Hi Everyone!
I am a Data Scientist working on a real estate search portal in Italy (similar to Zillow). We are now implementing free search. For the demo, the only goal was to take user input and populate a JSON file which would then serve as the search query. For this, I have parallelised several calls to chatGPT, each trained to extract 1 single feature.
It seems to me that for most of the binary features regex would outperform any model. I tried to add a classifier head to an italian bert: dbmdz/bert-base-italian-cased, but these did not perform extremely well. All I’ve found on the internet are classifications concerning sentiment based text, not concerning features. Does anyone have any Idea of what would be the best way to convert a free text search to a JSON like object for a query on a database?
For converting free text search to a JSON object for a database query, regex is very effective for binary features. You might consider a hybrid approach if you’re dealing with more complex features. You could use regex for simple, predictable patterns and a machine-learning model for more nuanced text extraction. Training a custom NER model on your specific dataset might help improve accuracy.
When extracting structured data, I think the best strategy is to start with understanding exactly what kind of data you need and where it’s coming from. This can save a lot of headaches down the line.

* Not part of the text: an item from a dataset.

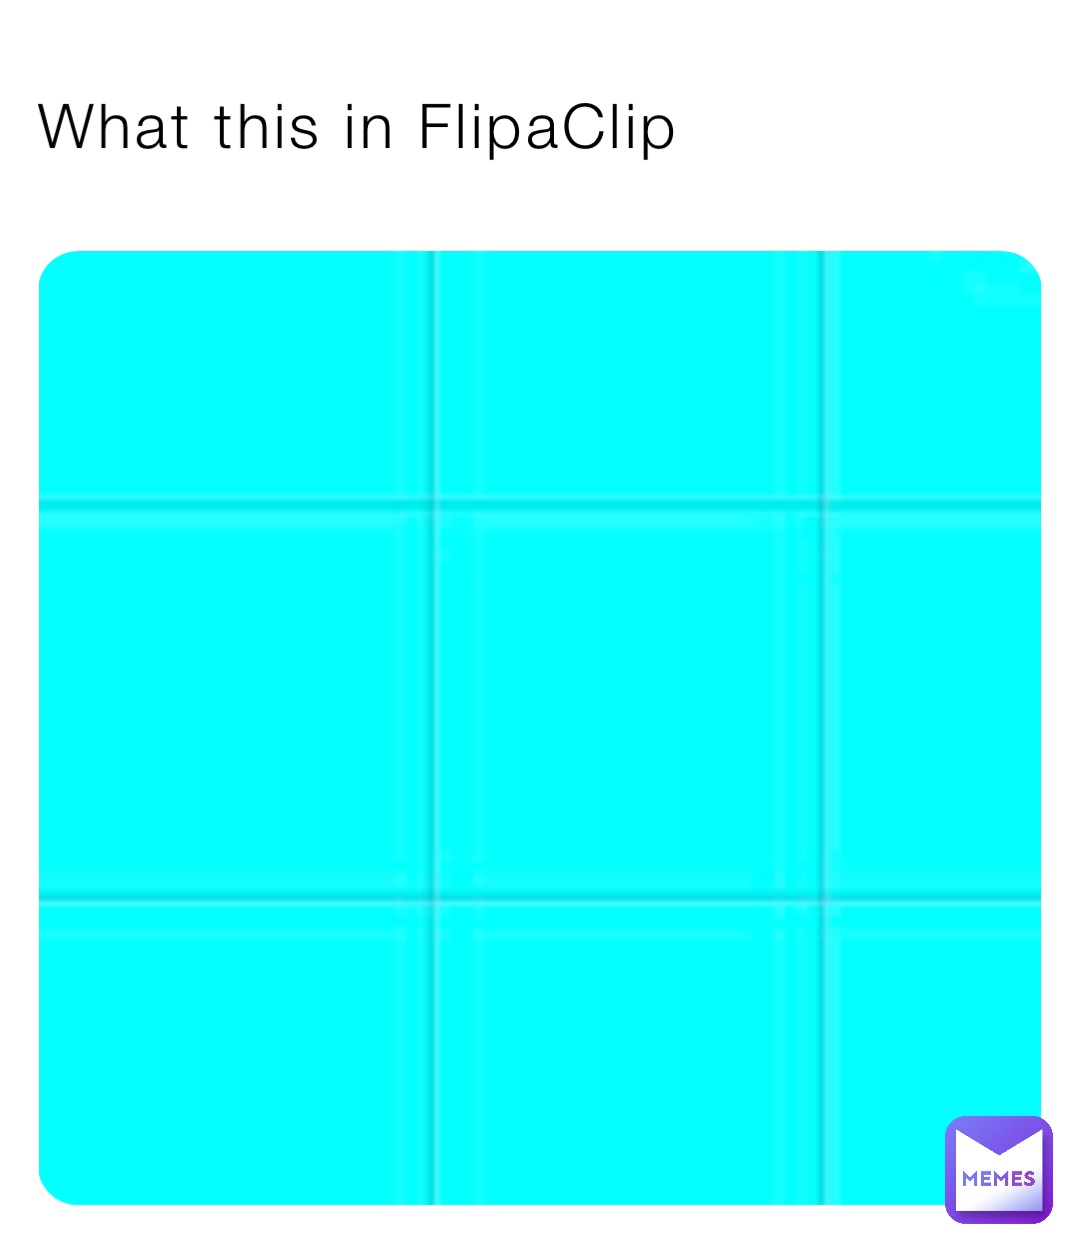 What this in FlipaClip

When extracting structured data, I think the best strategy is to start with understanding exactly what kind of data you need and where it’s coming from. This can save a lot of headaches down the line. For me, tools like identity validation api have been convenient. They help ensure that the data is accurate and trustworthy, which is super important.
Once you’ve got your tools, set up a straightforward process. Break down the extraction into manageable steps, and test each to ensure it works correctly before moving on. This way, you can catch any issues early and fix them without hassle.